Saturday, April 30, 2005

Point of no return?

Apr 19th 2005
From The Economist Global Agenda

At a meeting in Delhi, the leaders of India and Pakistan have declared that their peace process is now “irreversible”. Not so. But with the two nuclear-armed countries now prepared to compromise on previously entrenched positions, a settlement over the disputed territory of Kashmir is no longer unimaginable

RARELY have hopes for a lasting peace between India and Pakistan seemed so bright. Pakistan’s president, General Pervez Musharraf, this week paid his first visit to India since a disastrous summit in 2001. This time, an international cricket match gave the excuse for an “informal” visit that nevertheless bore all the trappings of a summit. It achieved no great breakthrough but, if General Musharraf and India’s prime minister, Manmohan Singh, are right, managed something even better: to show that “the peace process was now irreversible”.

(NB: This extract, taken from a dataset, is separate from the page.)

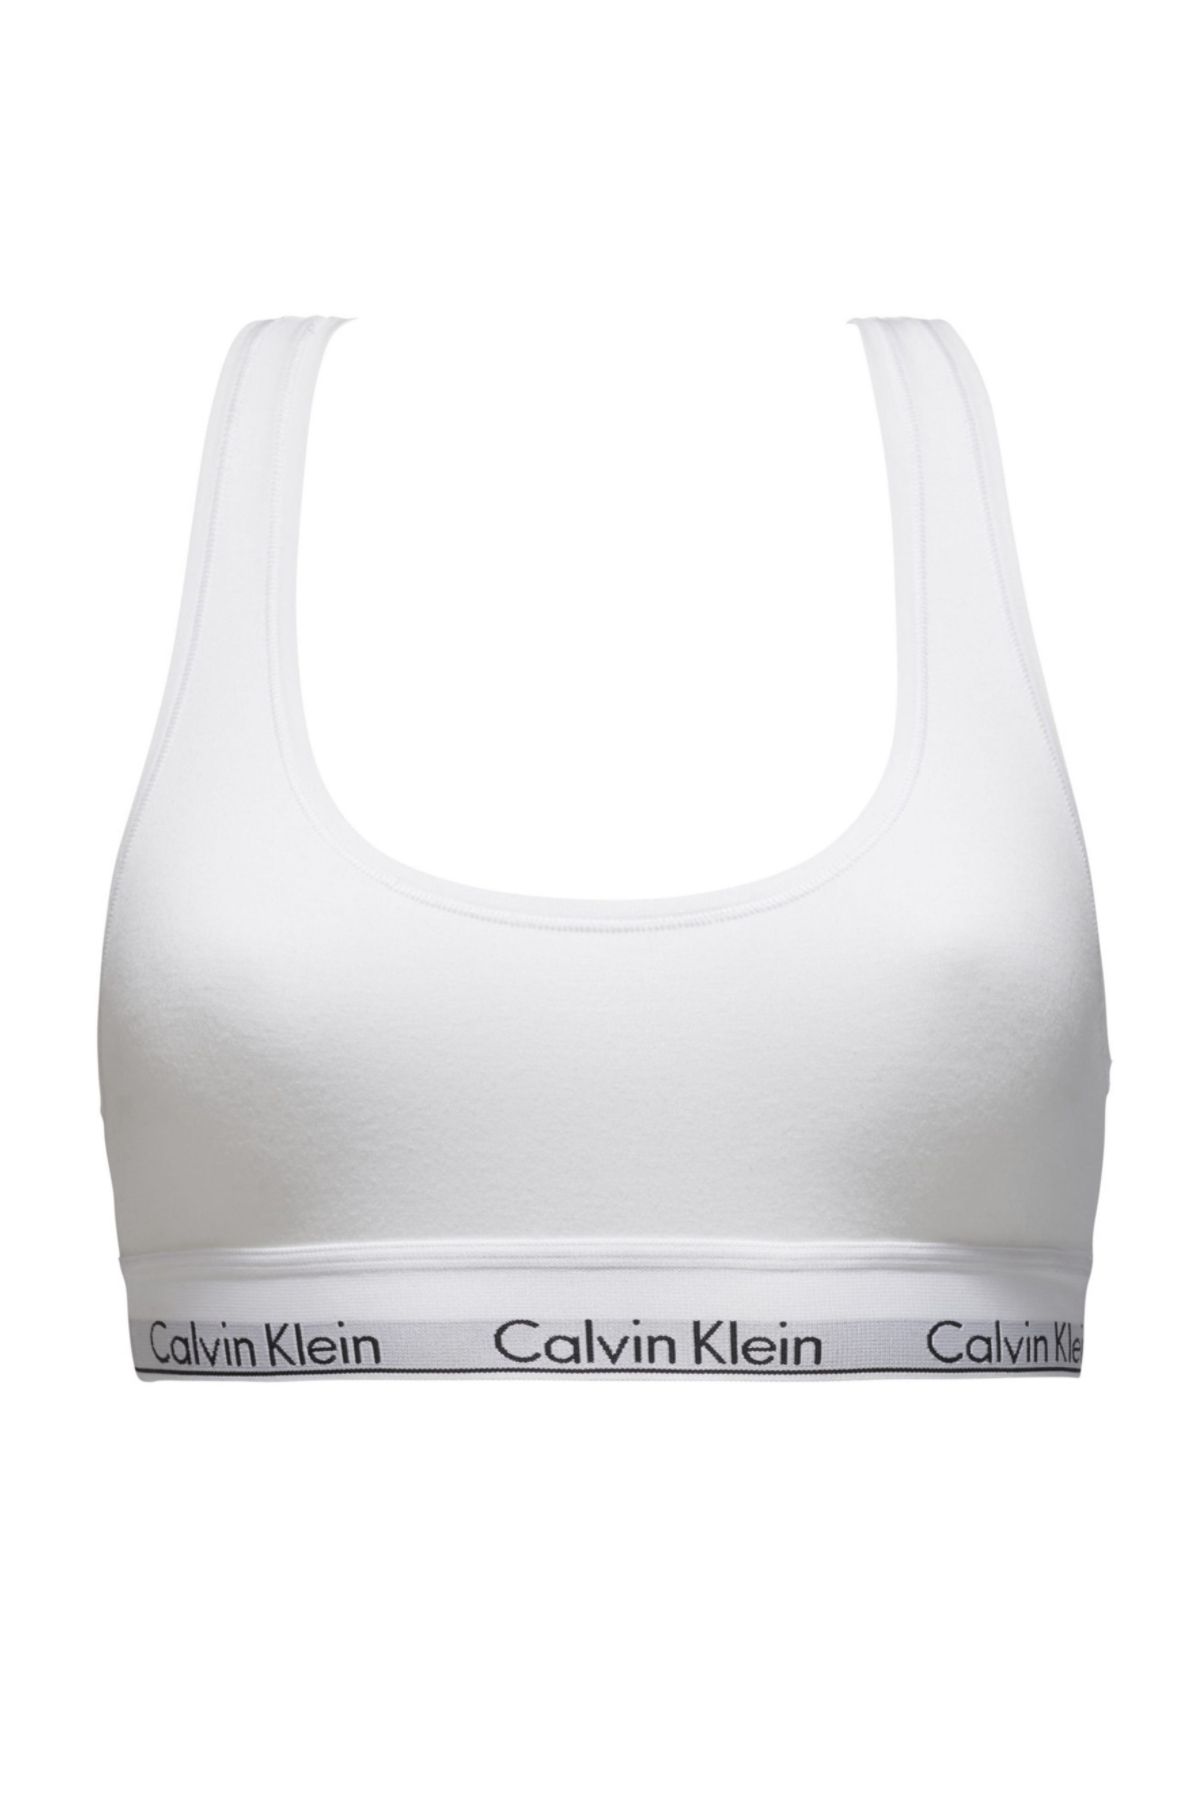 Calvin Klein F3785E-VIJ, sizing. XL - Bra

It is not, of course. As General Musharraf himself pointed out, in the absence of a “final settlement”, the dispute over which the two countries have fought three wars, Kashmir, could erupt again at any time. For the time being, however, both countries are preoccupied not with the risk of renewed conflict, but with the potential benefits of peace.

The co-operative mood had been set by the opening, on April 7th, of a bus route between Srinagar, capital of Indian-held Kashmir, and Muzaffarabad, capital of the Pakistani part, for the first time since partition in 1947. Pakistan joined India in condemning an attack on some of the buses’ passengers on the eve of their departure from Srinagar. The service brought the hope of reunion to separated Kashmiri families, but also had huge symbolic importance. It showed that both countries were prepared to compromise on long-held positions: Pakistan on its objection to an arrangement that might be seen as turning the “line of control” that divides Kashmir into an international border; India on its original insistence that passengers would have to carry passports.

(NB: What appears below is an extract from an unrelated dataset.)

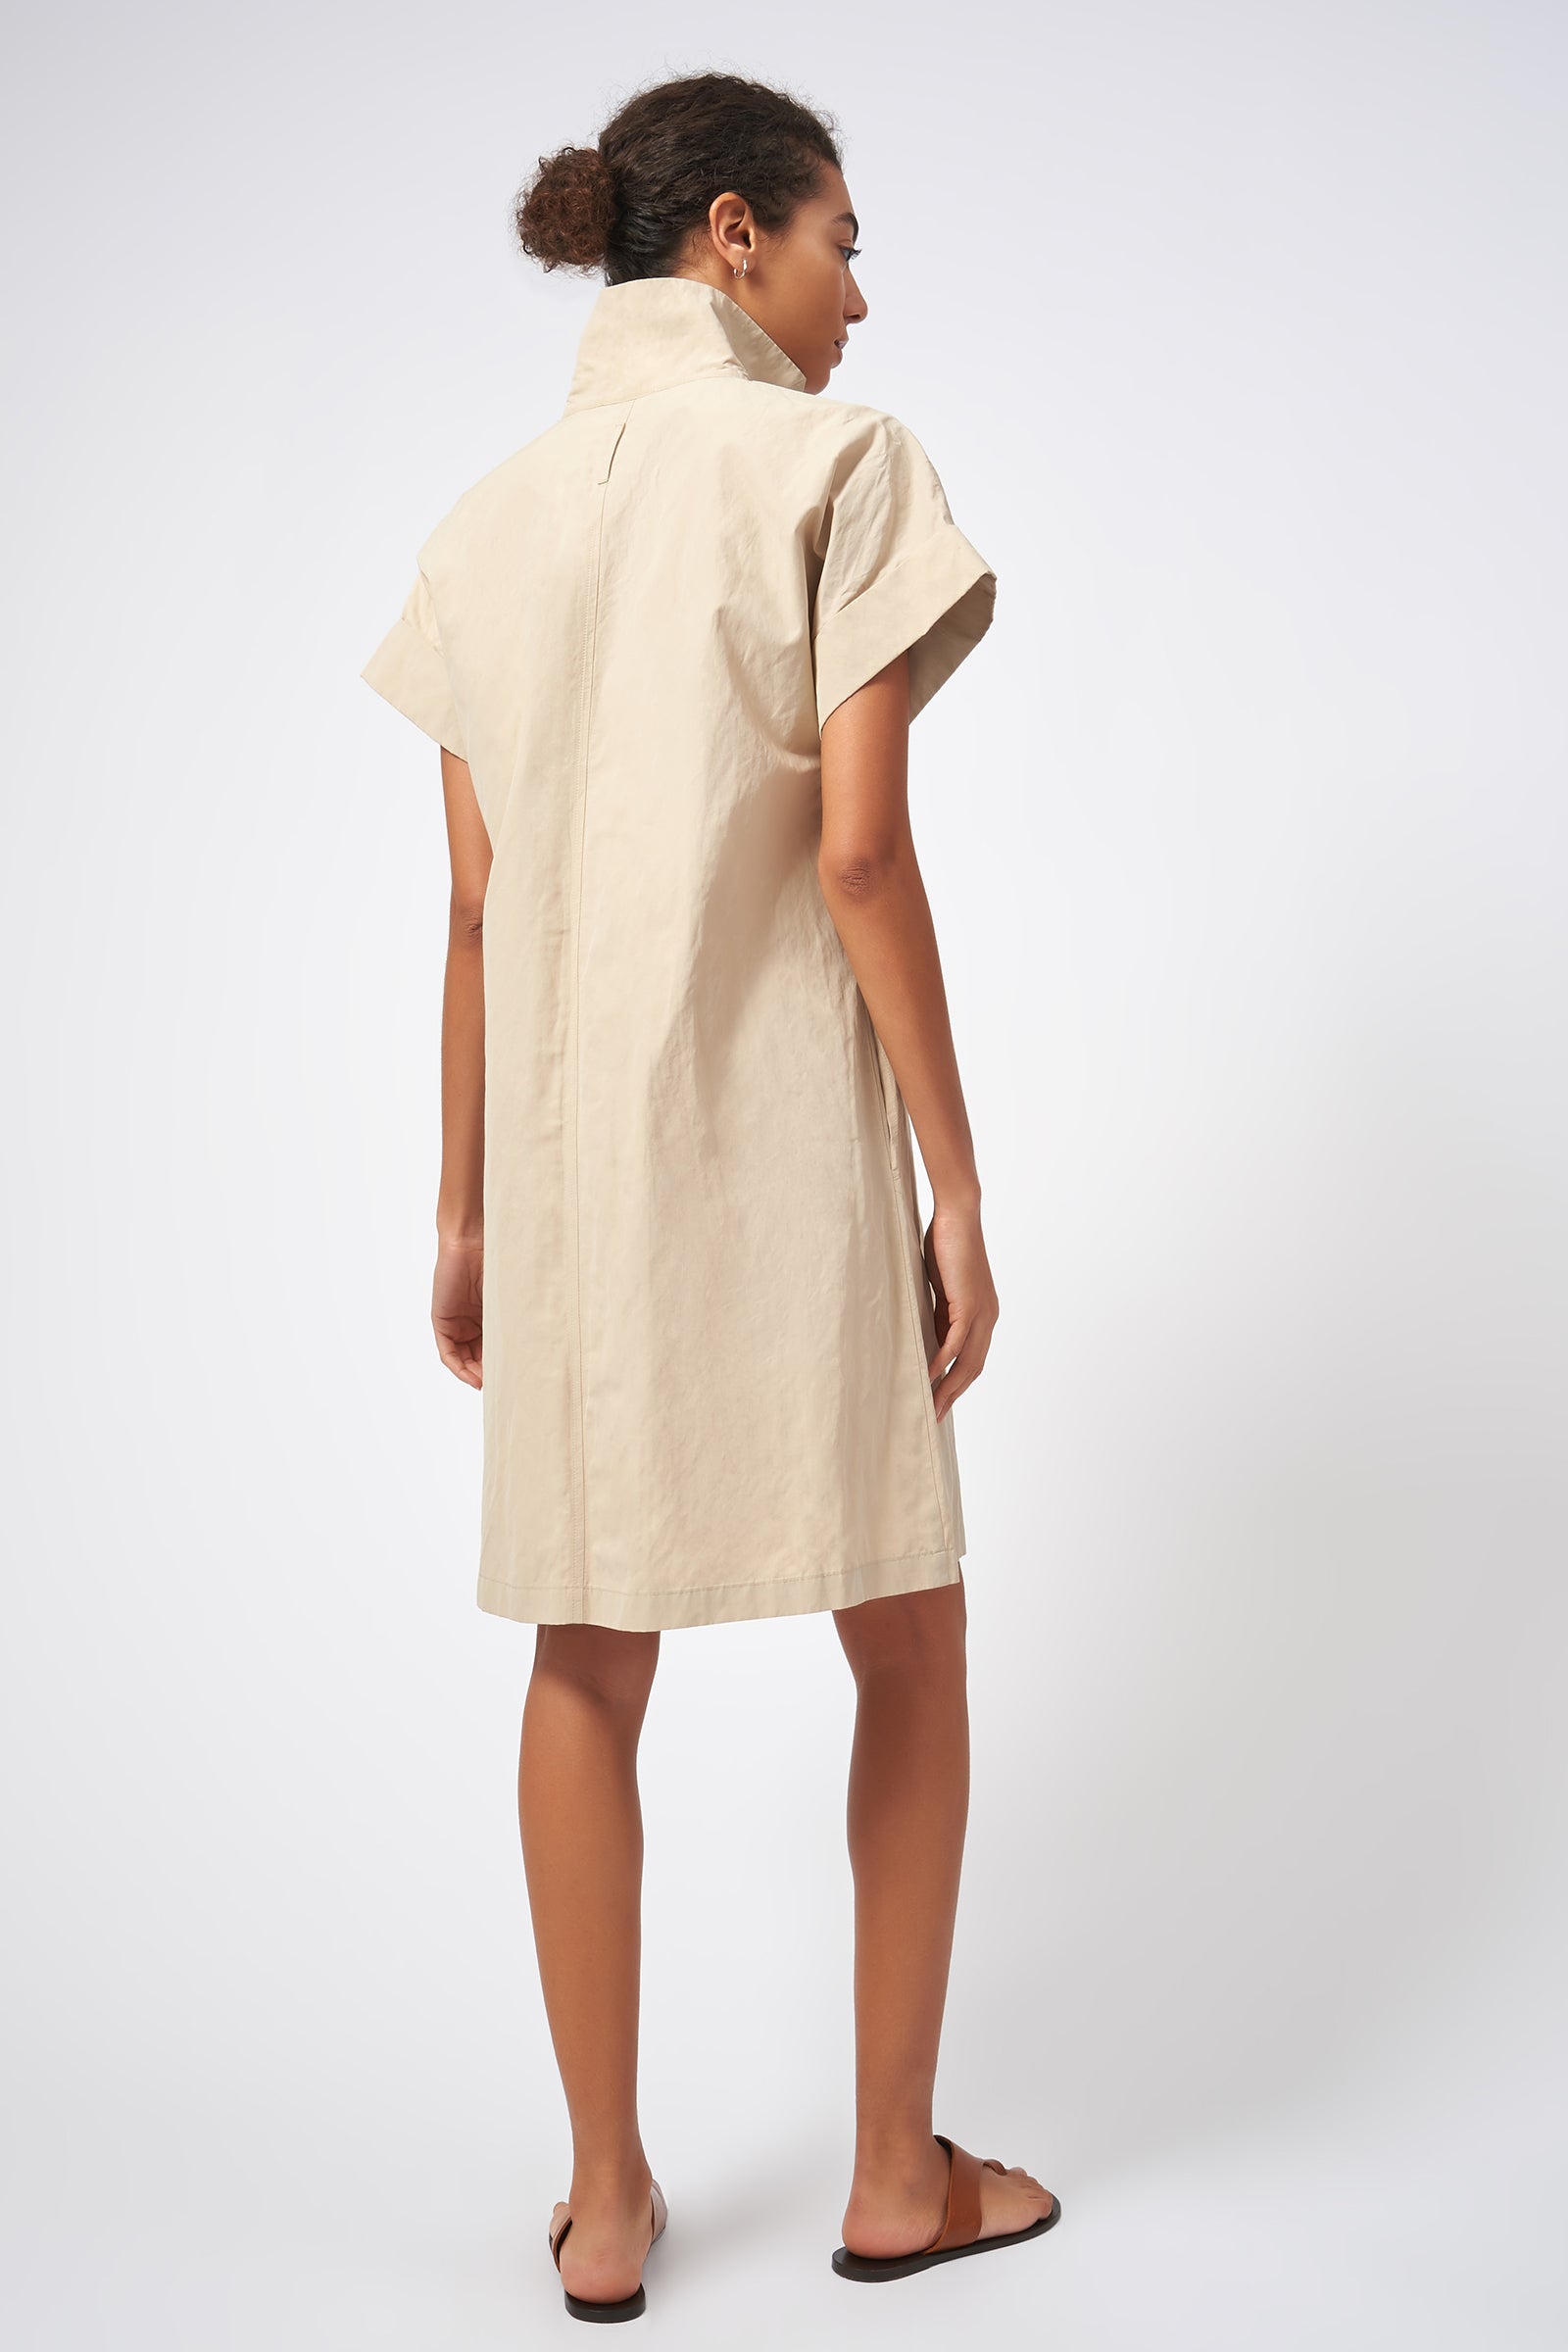 Kal Rieman Kimono Dress Italian Cotton Nylon Inox Khaki Dress On Model Back View 4

In Delhi, General Musharraf and Mr Singh agreed to increase the frequency of the buses, which initially will travel only once a fortnight. They also agreed to let goods lorries ply the route, to open others and to agree meeting points along the line of control for divided families and trade. The hope is that a “soft border” will both improve the lives of Kashmiris on either side and bring a final settlement closer. Beyond Kashmir, there were moves designed to promote bilateral trade, such as reactivating a moribund joint economic commission. A dispute over a dam being built in Indian Kashmir—the trickiest bilateral economic issue of the moment—was simply ignored in the leaders’ joint statement.

All of this fits in with a strategy pursued by India since Mr Singh’s predecessor, Atal Bihari Vajpayee, whom General Musharraf also visited, offered Pakistan “the hand of friendship” two years ago. It has sought to build confidence through increasing contacts, expanding economic ties, and taking advantage of the popularity in both countries of moves towards peace.

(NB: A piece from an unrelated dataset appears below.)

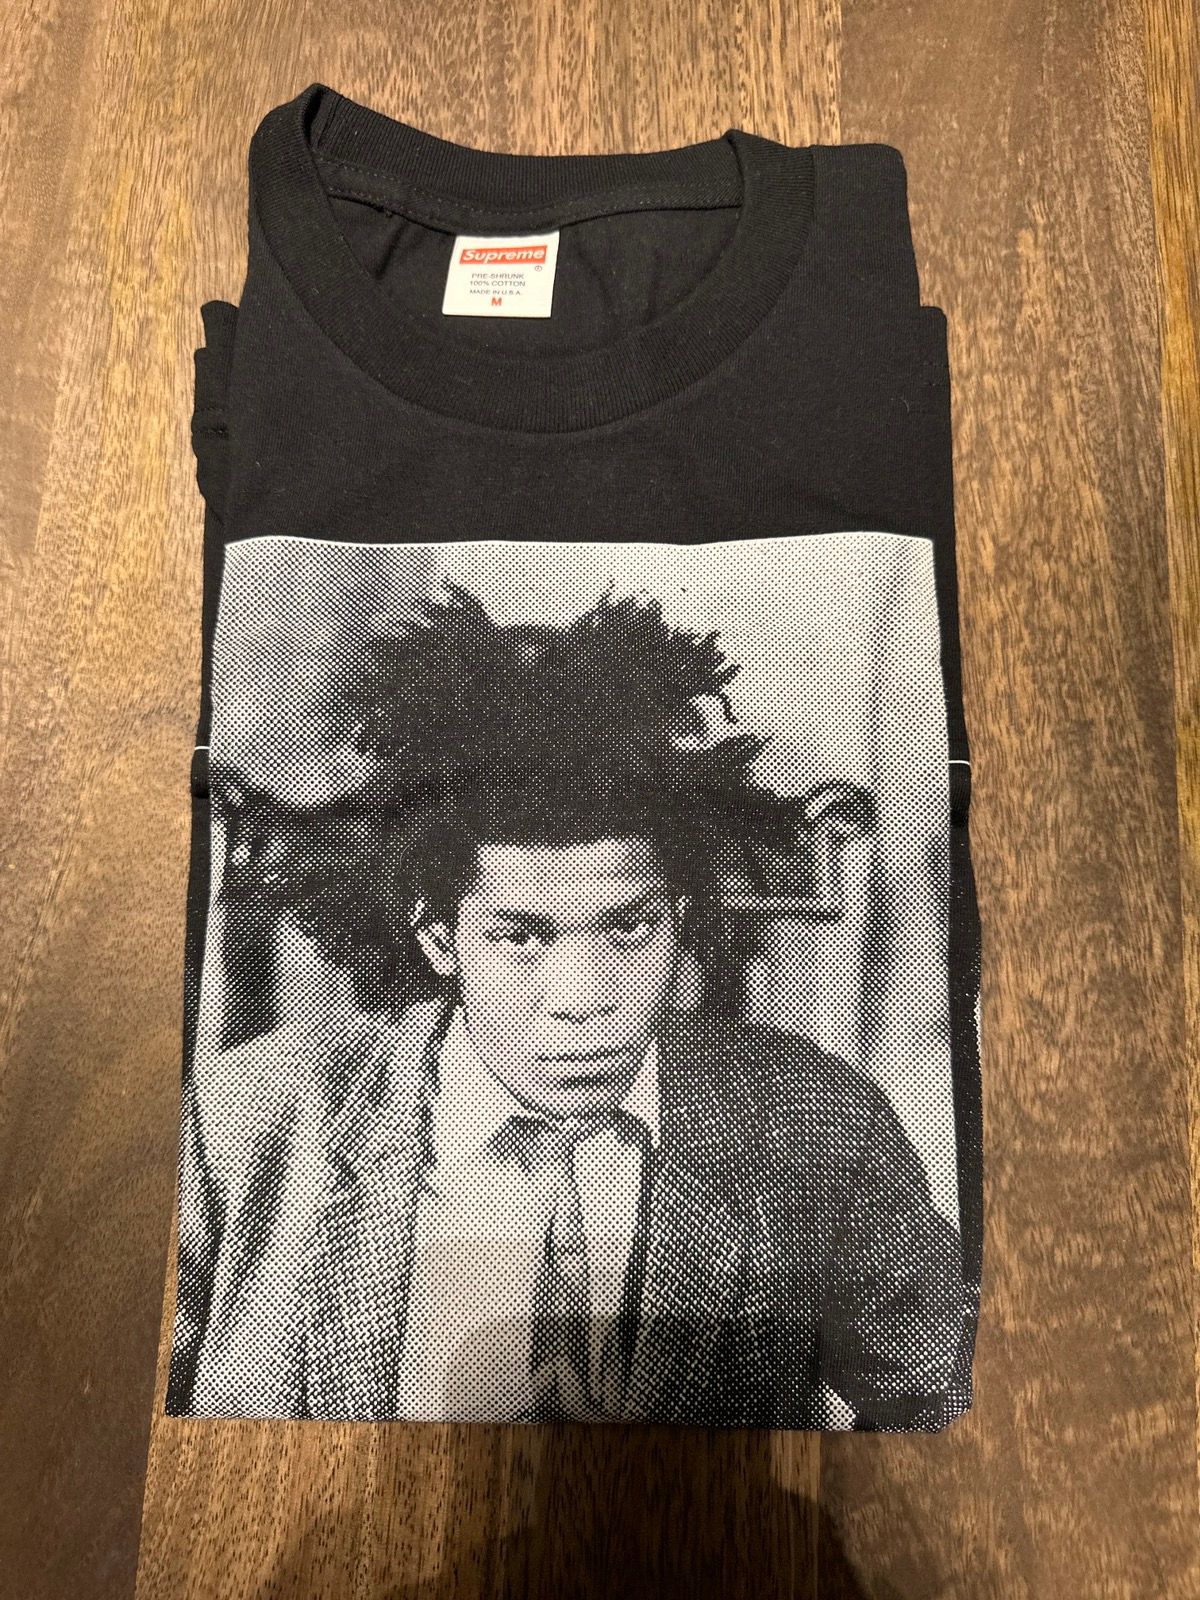 Supreme Supreme X Jean Michel Basquiat Portrait Tee 2013 Black

In doing so, it has had to counter the suspicions of many in Pakistan and Kashmir that India was seeking to enmesh Pakistan in a spider’s web of minor accords without ever tackling the central dispute: Kashmir. Both countries claim all of the territory, though India has long let it be known that it would settle for the status quo. Many in Kashmir itself, however, yearn for independence from both countries. For 15 years, the Indian part has suffered a bloody insurgency, abetted by Pakistan.

In Delhi, General Musharraf met separatist leaders from Indian-held Kashmir. Moderates among them have welcomed recent peace moves, while bemoaning the lack of a Kashmiri seat at the negotiating table. But hardliners accused General Musharraf of betrayal. No longer, as they would like, and as Pakistan used to argue, is a settlement of the dispute seen as a precondition to improved relations. Rather, it is hoped that, in a benign bilateral climate, a solution might emerge.

That still looks a tall order. General Musharraf argued that the route to a settlement would have to stay within three guidelines: India’s insistence that no boundaries can be redrawn; Pakistan’s refusal to accept the line of control; and the two countries’ agreement that borders must become less important. But the first two of these are mutually incompatible; and the flexibility and vagueness needed to blur the contradiction seem at odds with General Musharraf’s insistence that there must be a “final settlement”.

Yet the two leaders have agreed that they will not “allow terrorism to impede the peace process”. That is a striking promise, implying both that Pakistan is distancing itself further from “freedom fighters” in Kashmir, and that India is not going to react to every terrorist attack as if it were an act of Pakistani aggression. True peace may be a long way off, but the threat of war is no longer just one atrocity away.